Мария поцеловала на прощание в щёку, как она считала, своего отца, и открыла дверь. Пётр машинально проверил карманы, нашёл документы, а в кармане галифе ключи от квартиры. Спускаясь по лестнице, он натолкнулся на человека сильно похожего на Веньку. Тот как раз после ночи возвращался домой, с двумя пухлыми мешками. Один был за плечами, а второй он нёс в руке. Сосед бросил на Петра удивлённый взгляд, а потом резко отвернулся и, зачем-то, почти бегом припустил наверх. «Наверное, после ночной вахты на завод опаздывает? Вот и торопится. Только вот почему у него два вещмешка? Странно!», – размышлял Пётр, спускаясь по лестнице. Милицейские привычки начали потихоньку проявляться в нём, как будто сами собой.

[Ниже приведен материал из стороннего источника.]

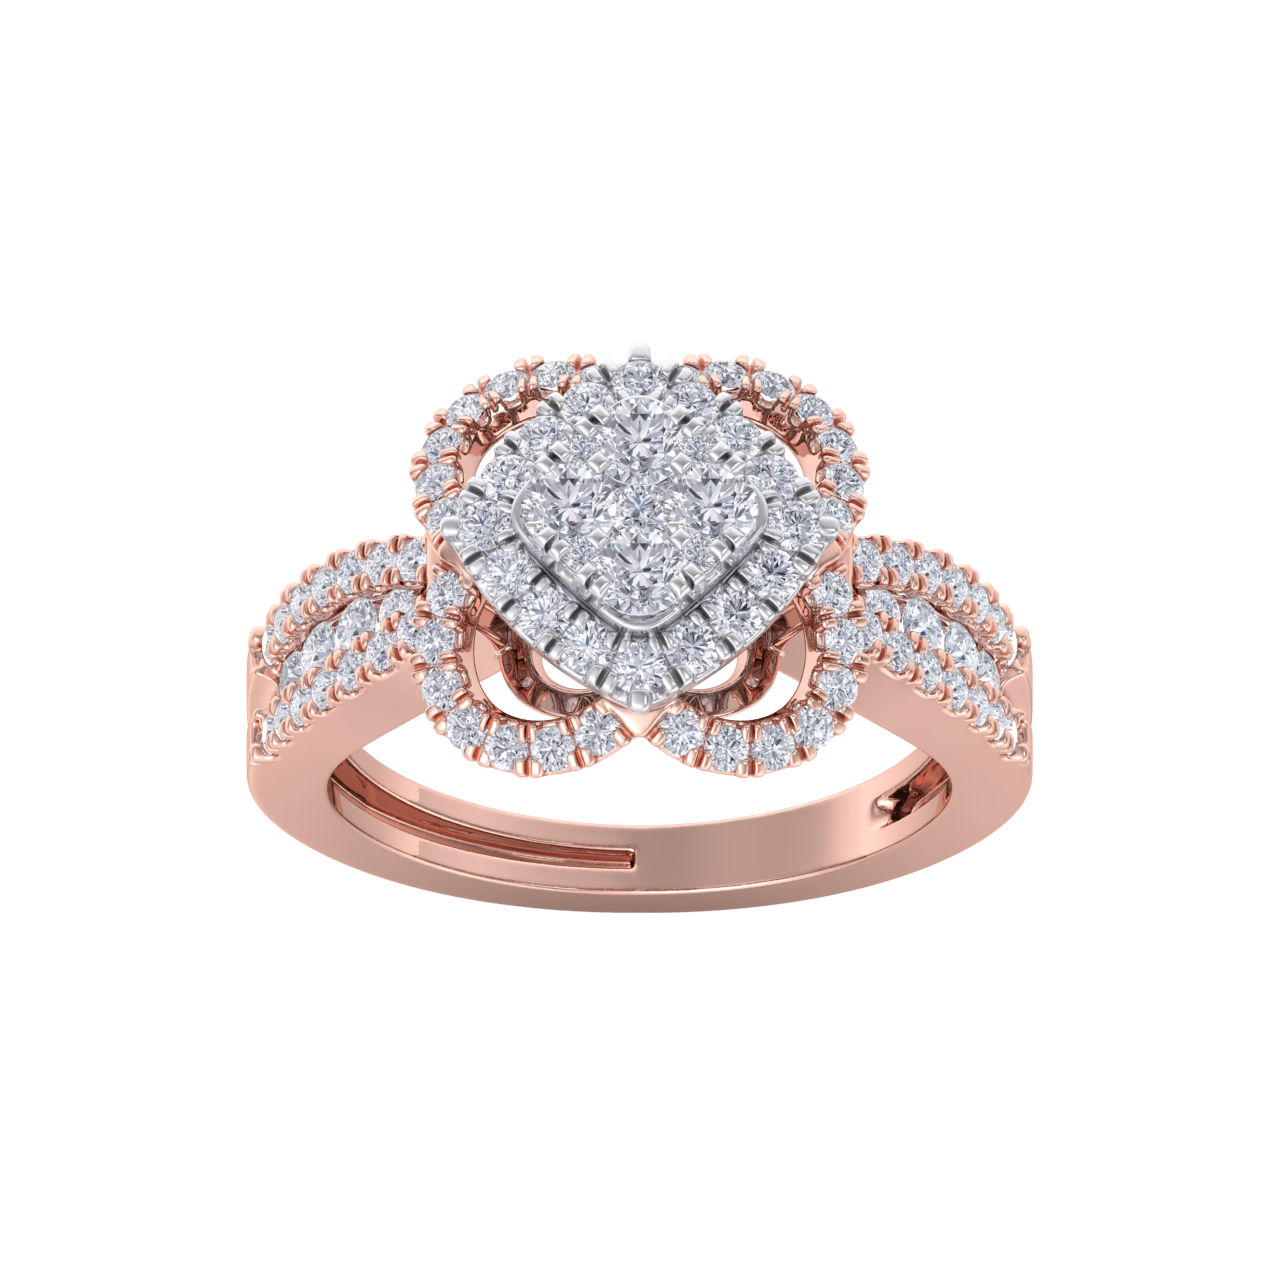 Diamond ring in rose gold with white diamonds of 0.97 ct in weight

Когда он спустился на первый этаж и взялся за ручку входной двери, то сообразил, что его соседа звали Прокоп. Память услужливо подсказала ему нужные сведения. Она стала дозированно выдавать ему информацию о послевоенном Ленинграде. Пётр был словно дитё в новом для него мире и ему приходилось учиться в нём жить заново. Жить так, как жил его дед после войны. Жить, чтобы жила его мать, и чтобы по мере сил очищать родной город от вылезших после войны изо всех щелей в огромном количестве бандитов и воров самых разных мастей. Теперь, это была его работа – очищать страну от коросты грязи. Он должен сделать то, что в своё время не успел закончить дед. Пётр более чем уверен, что его дед, которого тоже звали Пётр, погиб от рук бандитов. Только вот где и как он погиб – пока Пётр этого не знал? Может ему и удастся ответить на этот вопрос, но, со временем.

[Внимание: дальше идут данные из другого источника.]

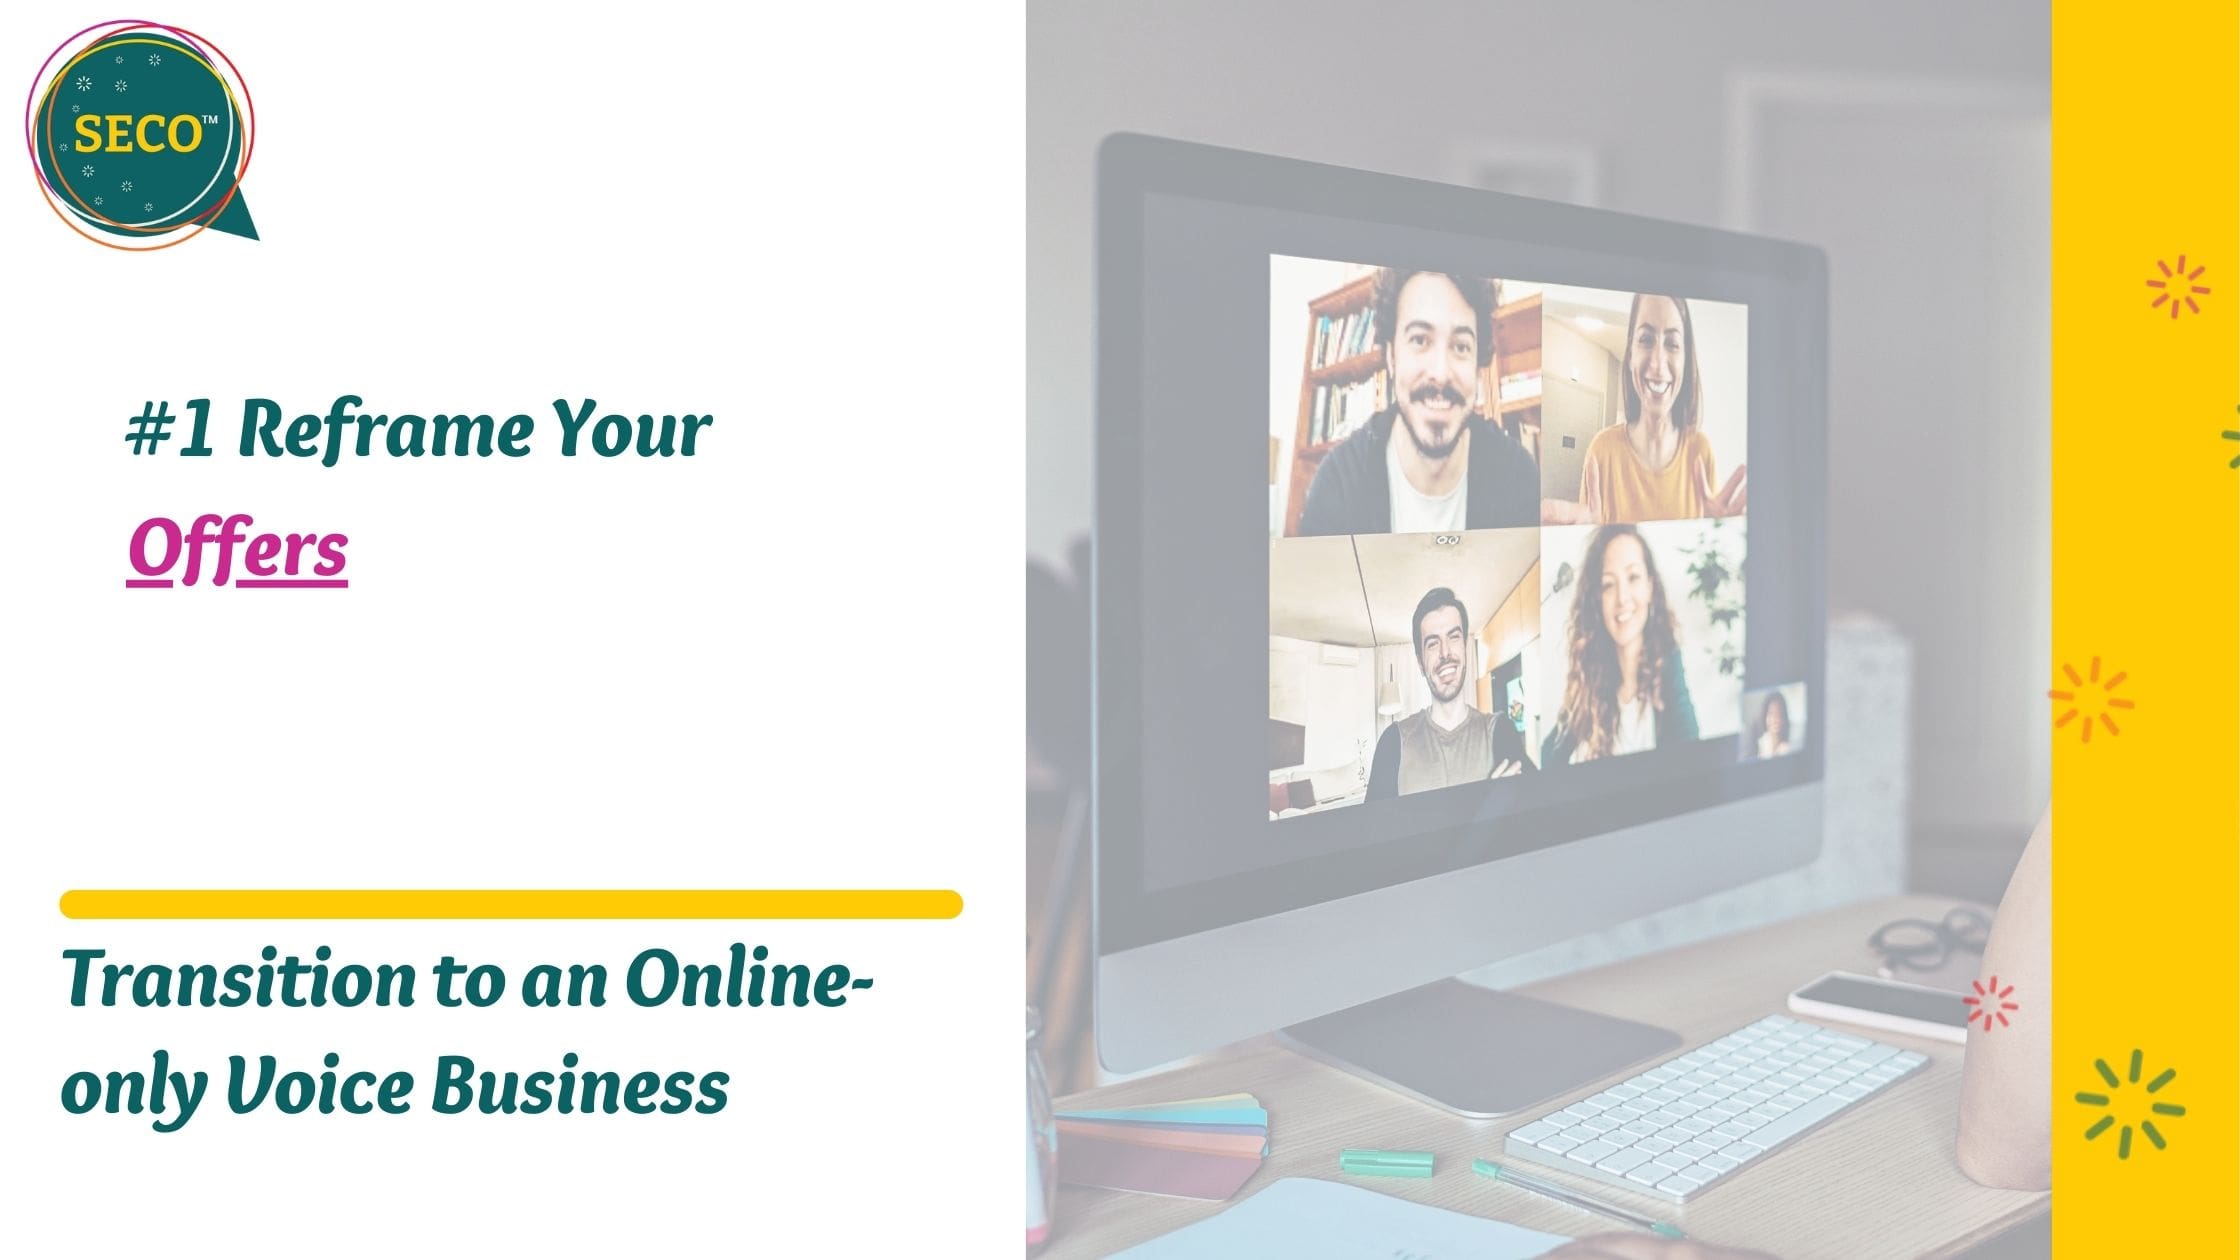 How to Transition to an Online-only Voice Business: Step #1 Reframe Your Offers.

Вовремя Пётр прибыл в послевоенный Ленинград. У матери только недавно, как погибла тётка. Какие-то малолетние пацаны зарезали её прямо во дворе дома из-за продуктов и продуктовых карточек. Вечером она шла с работы, а в тот день на заводе давали картошку. Немного дали и пол авоськи не было. Гопники попытались вырвать её из рук тётки, но та закричала. Тогда бандиты пырнули её ножом в живот, схватили у неё сумочку и тут же убежали. Картошка рассыпалась на асфальте возле убитой тёти и так и осталась валяться, пока не прибежала Марья. Может сегодня утром Пётр как раз и ел эту самую картошку.

От этой мысли ему стало не по себе. Пётр вывернул из-за угла с Лиговского проспекта на Невский и услышал, как звякнул отъезжающий трамвай. Чтобы себя отвлечь от дурных мыслей, припустил бегом за уходящей от него «четвёрочкой». Догнал и на ходу заскочил на подножку. Пётр впервые ехал по Невскому проспекту на трамвае. Мать ему рассказывала, что демонтировали на нём трамвайные пути лишь в пятьдесят первом году, а до этого это был один из самых популярных маршрутов в городе.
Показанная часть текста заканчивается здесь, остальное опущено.